The foia does not require that all requests further the core purpose, or even that all requests affecting the rights of third persons further the core purpose. The act presumes records are dis-closeable and provides that a person has a right to public records "except as otherwise expressly provided by [the exceptions section].”9 The exceptions section does not expressly permit withholding merely because a request would not further the core purpose. To the contrary, except as narrowly restricted in the exception sections themselves, the foia permits persons to obtain information per-[442]*442taming to trade secrets,10 the location of archeological sites,11 product testing data12 and academic transcripts.13 This information would be much more useful and likely to be used in purely private pursuits than in scrutinizing governmental activity,14 and disclosure of such information — especially information concerning trade secrets and [443]*443academic transcripts — could implicate the rights of third persons.
The Legislature decided on a broad policy of disclosure not limited to special circumstances. By declining to confine use of the foia to its core purpose, the Legislature seems to have decided that society would be better off if the government shares valuable information. As has been said, one aim of a freedom of information act is "to facilitate the exploitation of positive externalities created by the government’s acquisition of valuable information.”15
Restricting the use of the foia to its core purpose would also put a premium on the ingenuity with which a requester can characterize his interest as furthering the core purpose of the act.16 Virtually any information held by the government could, conceivably, be used to scrutinize a governmental activity. Here, for instance, upgwa could have requested the information not only to recruit members, but also to determine whether the State Police record of security guards is sufficiently accurate and up-to-date to ensure that dangerous or otherwise unfit persons are not allowed to become, or remain, security guards capable of carrying weapons and detaining citizens. When so characterized, the request furthers the core purpose.

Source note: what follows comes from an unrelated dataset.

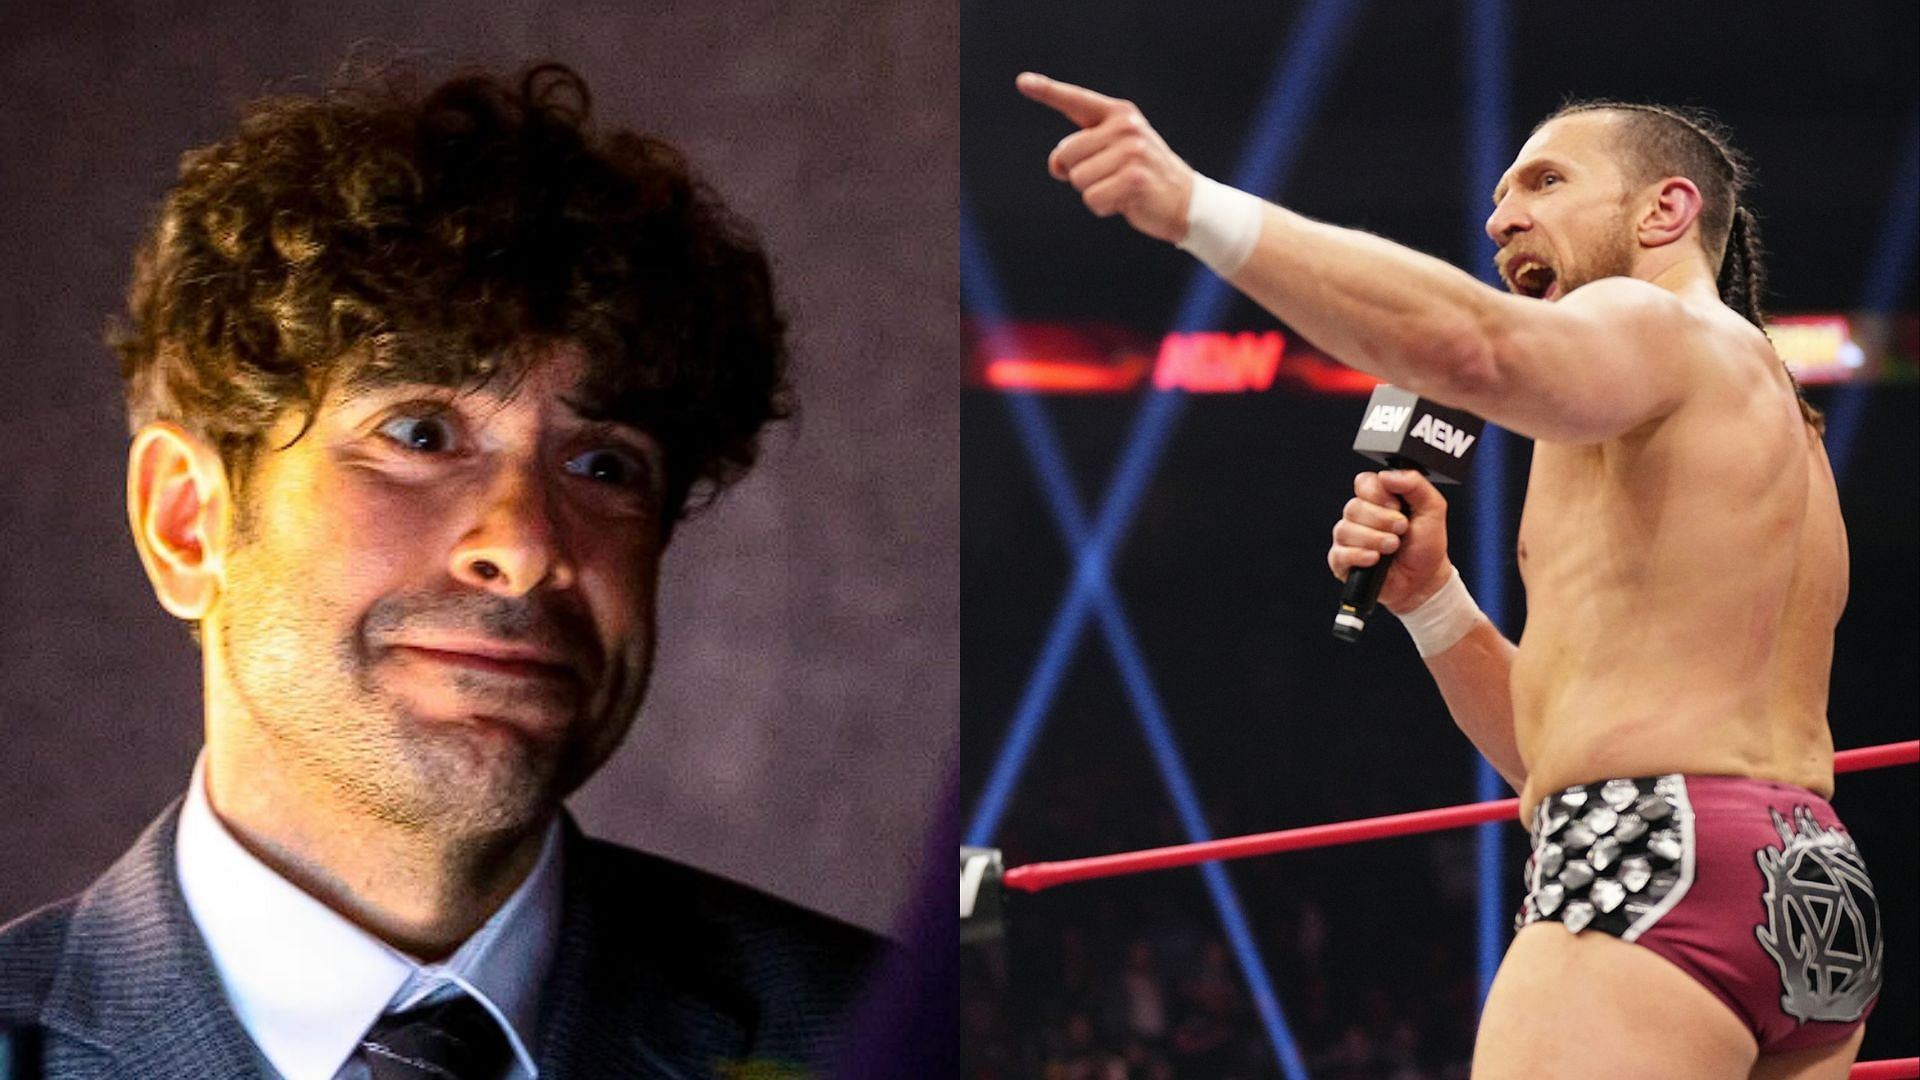 Bryan Danielson is a WWE Grand Slam Champion who is now with AEW and Tony Khan is the promotion

Thus while the policy statement underscores the core purpose, it cannot properly be read as words of limitation, requiring that all information requests further the core purpose.
Ill
In Part III, we discuss the "public interest” in [444]*444disclosure, an issue that needs to be considered only in connection with a balancing test. In Part IV, we focus only on the nature and extent of the invasion of privacy. As previously indicated, whether a balancing test is employed, or whether only the privacy interest is considered, we reach the same result.
A
Assuming a balancing test is to be applied, it must still be determined whether a court should consider only the classic public interest, or whether a court should also consider the benefits that disclosure would bestow on the requester and other directly interested parties.17 Although the foia — which does not expressly mandate a balancing test18 — does not clearly answer this question, the act does provide that copying costs, which generally are imposed, may be waived if a particular request "can be considered as primarily benefiting the general public.”19 The foia apparently contemplates requests that would not benefit the general public. This, plus the factors considered above in Part II, suggests that the benefits accruing to the requester and other directly interested parties should be considered.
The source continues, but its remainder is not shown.